A poem about leaving

Photo by Jezael Melgoza on Unsplash

Back when touch was still a prerequisite for love, I left you on the corner of Mesones and 20 de Noviembre in a hive of living:

Taxis honking, bikers zipping past, mothers holding their daughters’ hands to cross the street, the corner zapateria bumping “Jenny from the Block,” elote stands rigged on shopping carts boiling corn on the cob, smothered in mayo, shredded cheese, chile powder, a hungry line fifty deep waiting on the sidewalk for street-famous chicharrones preparados, intellectuals at outdoor coffee shops smoking and turning pages, lovers flirting on a bench, a fiend crouching in a doorway hitting his pipe, el pastor spinning slowly, framed by an orange flame dripping delicious grease, and on every corner, little stands selling newspapers, refrescos, loose cigarettes, chicles, dulces, chips…

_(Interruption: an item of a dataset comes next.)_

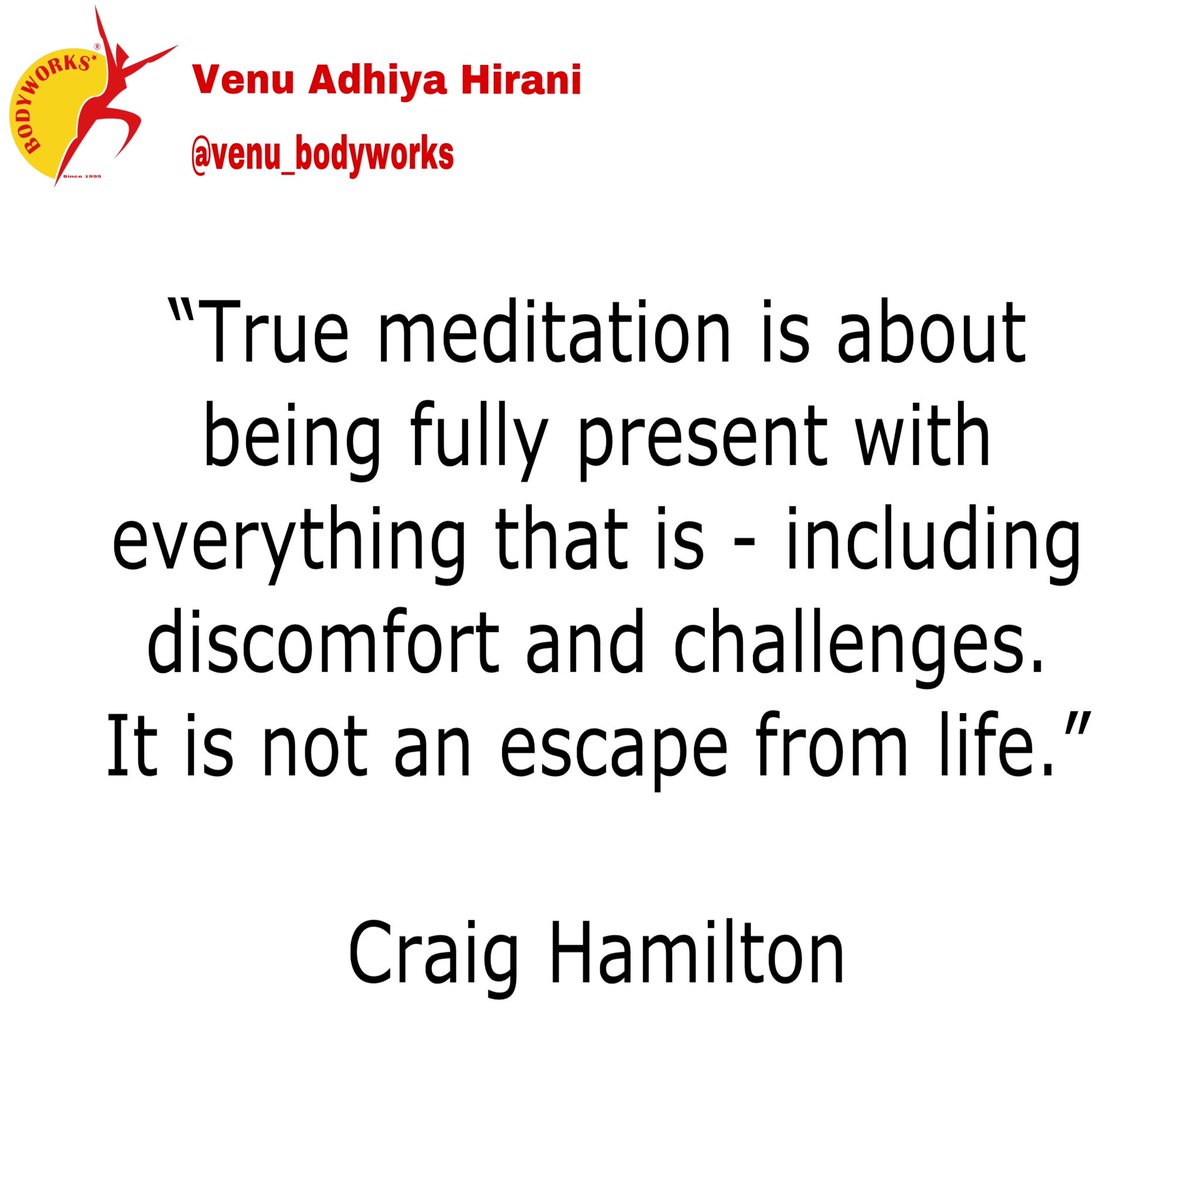 #meditation #yoga #yogaislife #mindfulness #motivationalquotes #lifequotes #lifelessons #mumbai #india

También el viejito — old man hunched over on the corner, with his slacks and sweater vest, who plays your father’s music every afternoon from a cheap radio hung around his neck — Mexican blues poetry — held out his baseball cap like a prayer to the passing hordes as the “White Ghost,” the drunkest drunk in El Centro stumbled by with a bottle of grain, barefoot with shredded pants, as two teenagers pushed a dolly stacked with shoeboxes across the intersection where a transit cop blew her whistle and a truck filled to the brim with boxes of fruit — mango, fresa, watermelon, frambuesas, blueberries — rattled past.

Back when touch was still a prerequisite for love, I held you on the corner of Mesones and 20 de Noviembre, and said, I love you, Nos vemos pronto, and as the taxi pulled off into the guts of the city, a family walked out of La Panadería Madrid (the greatest bakery in the world!) with two enormous bags filled with fresh baked bread, muffins, conchas, donuts, slices of chocolate cake, and many other delicious treats only they could know.

Written a few weeks before the pandemic.